Betty Boop for President is a 1932 Fleischer Studios animated short film starring Betty Boop. It was released by Paramount Pictures on November 4, 1932, four days before that year's presidential election day.

Plot

Betty runs for the office of President against Mr. Nobody. Both candidates state their platform through song and dance.

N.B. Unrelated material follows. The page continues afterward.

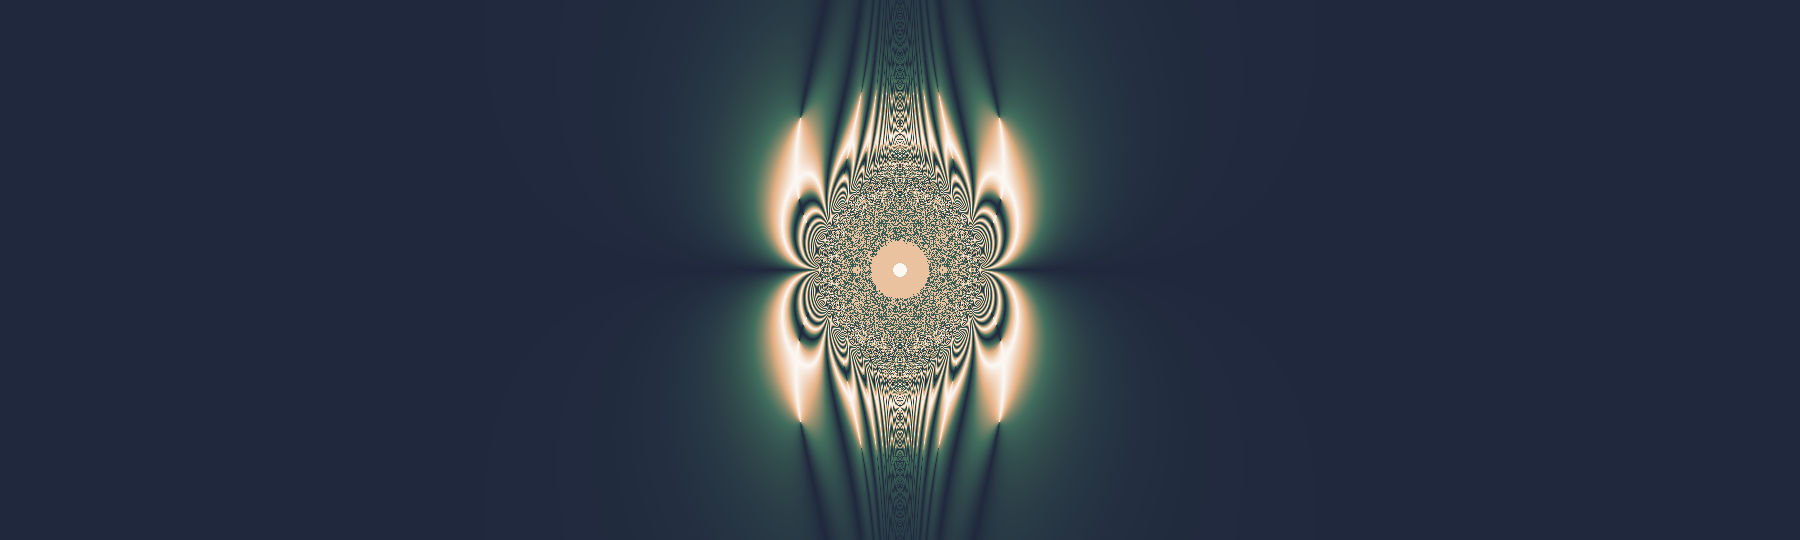 gfx-example-domain-coloring
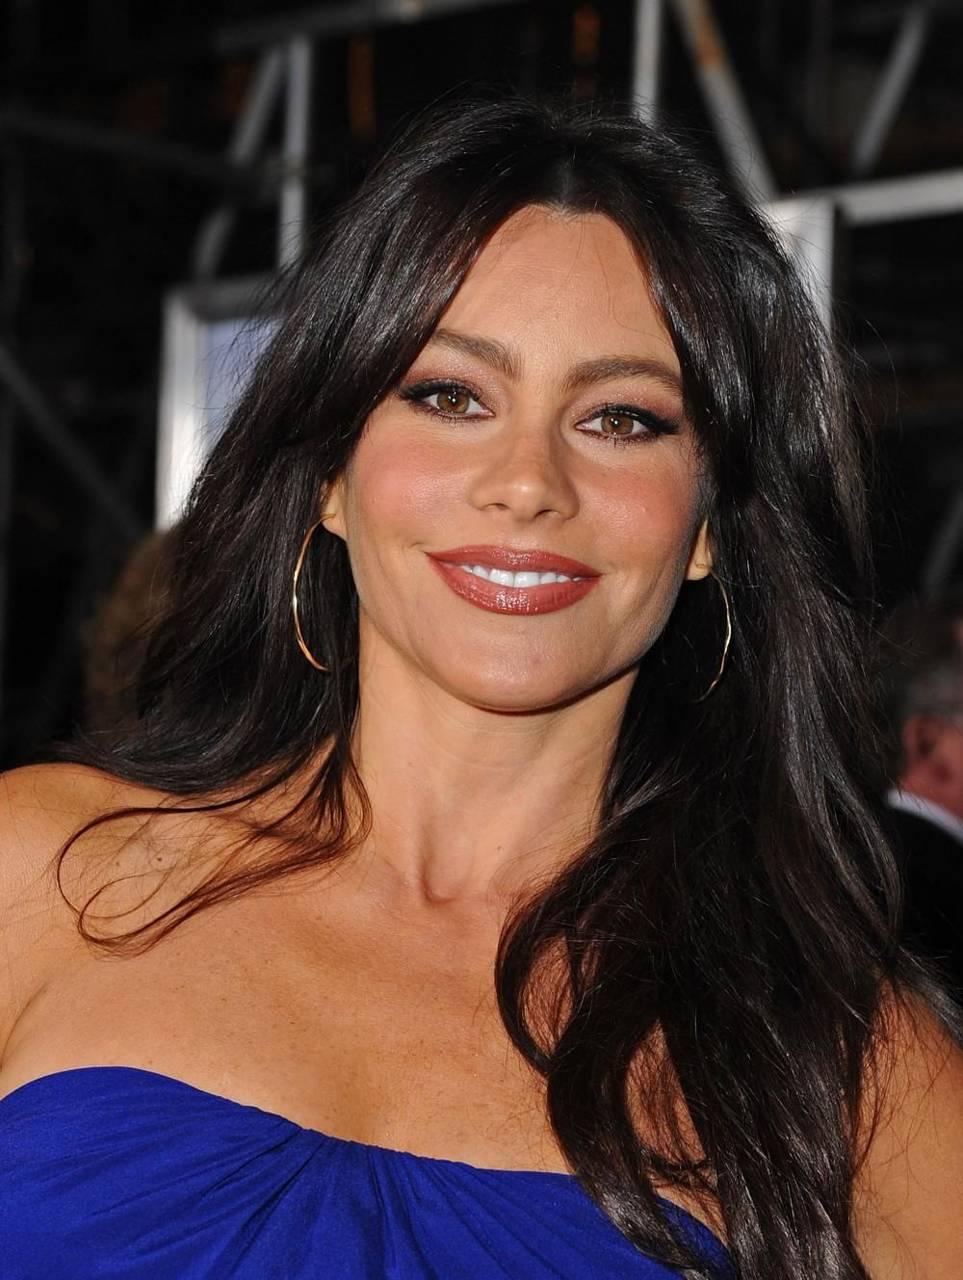 Sofia Vargara

In answer to various problems and political issues, Mr. Nobody consistently promises that "nobody" will solve the problem: 
Who will make your taxes light?... Mr. Nobody!
Who'll protect the voters' right?... Mr. Nobody!
Should you come home some early dawn,
See a new milkman is on:
Who cares if your wife is gone?... Mr. Nobody
Betty's promises for improvements are shown, including door to door trolley stops, improved conditions for keeping the streets clean, and even a giant umbrella to protect the whole city from rain. Betty also promises to tame a split and incorrigible Congress made up of donkey Democrats and elephant Republicans, and offers a simple solution for prison reform: she will transform each hardened criminal into a limp-wristed sissy.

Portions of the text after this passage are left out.